I'll add my extension in case it could affect it but I doubt it:

class RTree extends RBush {
  toBBox(item) {
    return {
      minX: item.x,
      minY: item.y,
      maxX: item.x + item.width,
      maxY: item.y + item.height,
    }:
  }

  compareMinX(a, b) { return a.x - b.x; }
  compareMinY(a, b) { return a.y - b.y; }
}

Item structure:

const item = {
  x: -1000,
  y: -500,
  width: 100,
  height: 50,
  // a lot of irrelevant members
}

Can you publish a fiddle/codepen/plunkr that displays this behaviour?

@IvanSanchez Thanks for the push to replicate it in external environment.
It's not the library's fault, I had few async race conditions which resulted in falsey spatial data on first iteration.

https://codesandbox.io/s/upbeat-lamarr-n3luuw?file=/src/index.js

I can eliminate the issue but this example still raises one question: if inserted item doesn't have valid spatial data, tree.remove will not remove them.
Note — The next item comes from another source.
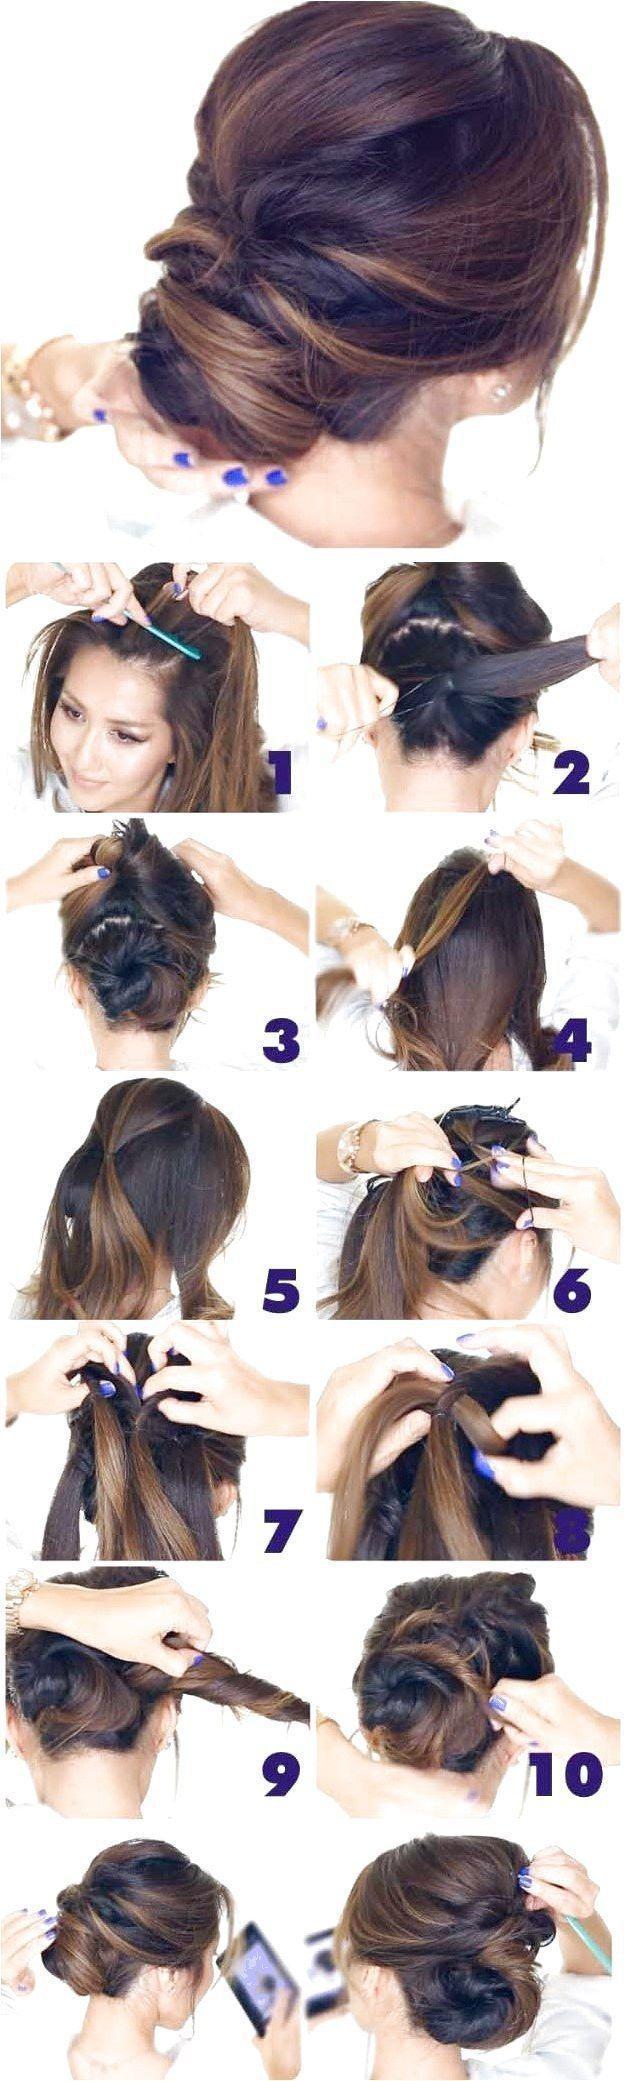 #Brides #Easy #Easy Hairstyles for school #El #Hairstyles #Minute

Is this expected behaviour? I thought it's deleted by reference by I guess there's some spatial searching going on before we can actually compare the references?

Output will change if you change item spatial data from null to undefined.

if inserted item doesn't have valid spatial data, tree.remove will not remove them. Is this expected behaviour?

rbush assumes that the items have spatial data. If they don't, then that's a case of GIGO. IIRC, rbush needs spatial data to store an item in a rtree leaf and look for it through the branches.